When creating disks for the quorum usage, you need to add them in a quorum failgroup. This is a special failgroup which only will store these voting files will not allow you to store data.
When a quorum failgroup is active, Oracle will know it is in an extended configuration; see this warning:
(my diskgroup was called OCR)
"WARNING: OCR has too many failure groups for a stretch cluster."
Hey, “stretch”, Oracle does know it’s extended!

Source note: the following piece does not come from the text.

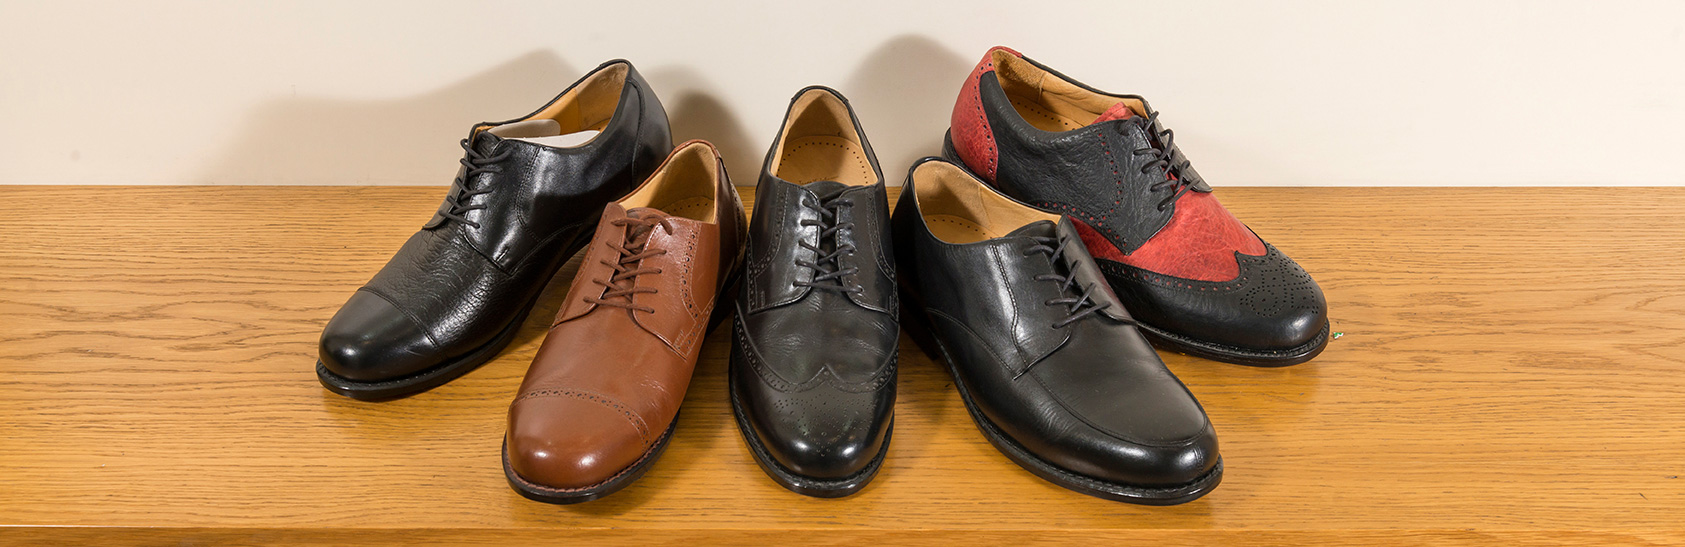 Men’s Shoes at Foot Solutions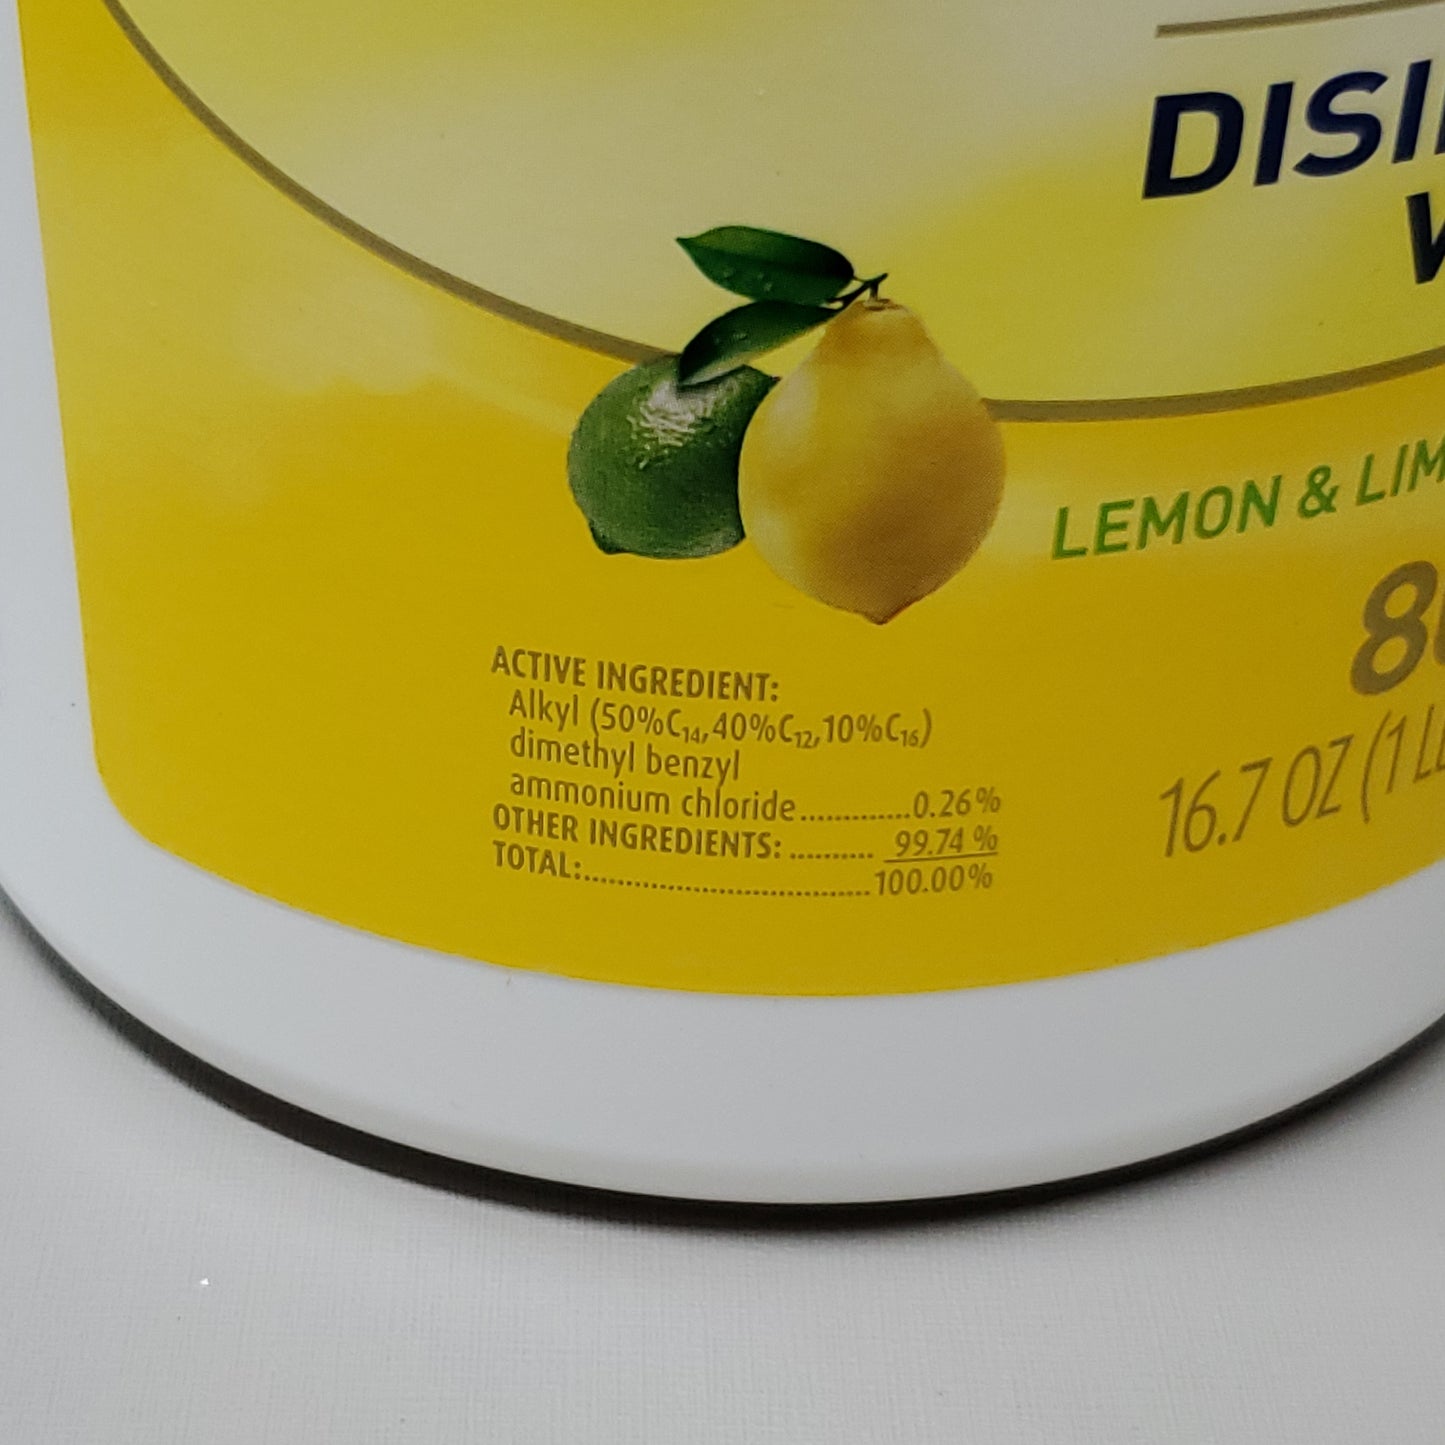 LYSOL 480 Disinfecting Wipes 6X80 Canister Packs Lemon & Lime Blossom Scent (New)

So Oracle takes into account it’s extended and seems to have a build-in meganism to protect warn against to many failgroups and prevent storing mirrors in failgroups on the same storage locations. Now I have to admit that ‘+OCR’ was also the diskgroup with the quorum failgroup and I did not test to add more failgroups to +DATA or +FRA for instance.
Split brain
It will use this third file / location to avoid a ‘split brain’. The part of the cluster which sees the majority of voting files will survive and the part (or nodes) which see the minority will shut down. It needs this third file (odd number of files) to avoid the situation that separated parts of the cluster will see a majority and these separated parts survive and will process work independently and cause data corruption.
Experiences
Some real life experiences, from tests in labs and hard times with production issues:
– When a cluster node (or all cluster nodes), loose the majority of voting files, the node will go down (period). Even if you would think, ‘hey, all nodes could still communicate with each other and talk about this loss’, no… the node goes down!
– A minority of ‘offlined’ voting files will be automatically re-mirrored to other disks/failgroups if asked nicely.
– A minority of ‘offlined’ voting files will not automatically be re-mirrored to other disks/failgroups if forcedly removed or in case of failure.
– A majority of lost voting files will automatically result in a shutdown of your node(s) or cluster.
– Detection of failure/automatic repair or mirroring of disks can/will stall the database; if there are (database) timeouts set shorter than these repair times, other issues can happen:
LMON (ospid: 4916) waits for event 'control file sequential read' for 80 secs. ERROR: Some process(s) is not making progress. LMHB (ospid: 4933) is terminating the instance. Please check LMHB trace file for more details. Please also check the CPU load, I/O load and other system properties for anomalous behavior LMHB (ospid: 4933): terminating the instance due to error 29770
There should be fixes for this, but I have seen this go wrong with the latest patched version of 12.1 (July 2016).
Conslusion
You need to be aware when you are creating an extended cluster and make sure mirrored blocks will be written to a disks on different storage locations. This can be achieved by using failgroups, but use them wisely. There is no wizard helping you and you need to do design work. Make sure you test in a lab or draw your design on a piece of paper and virtually ‘pull cables’. Try to predict what will happen and correct that when it proves wrong.
I’ve been on a project once where they called me: Mr. “you can pull any cable”.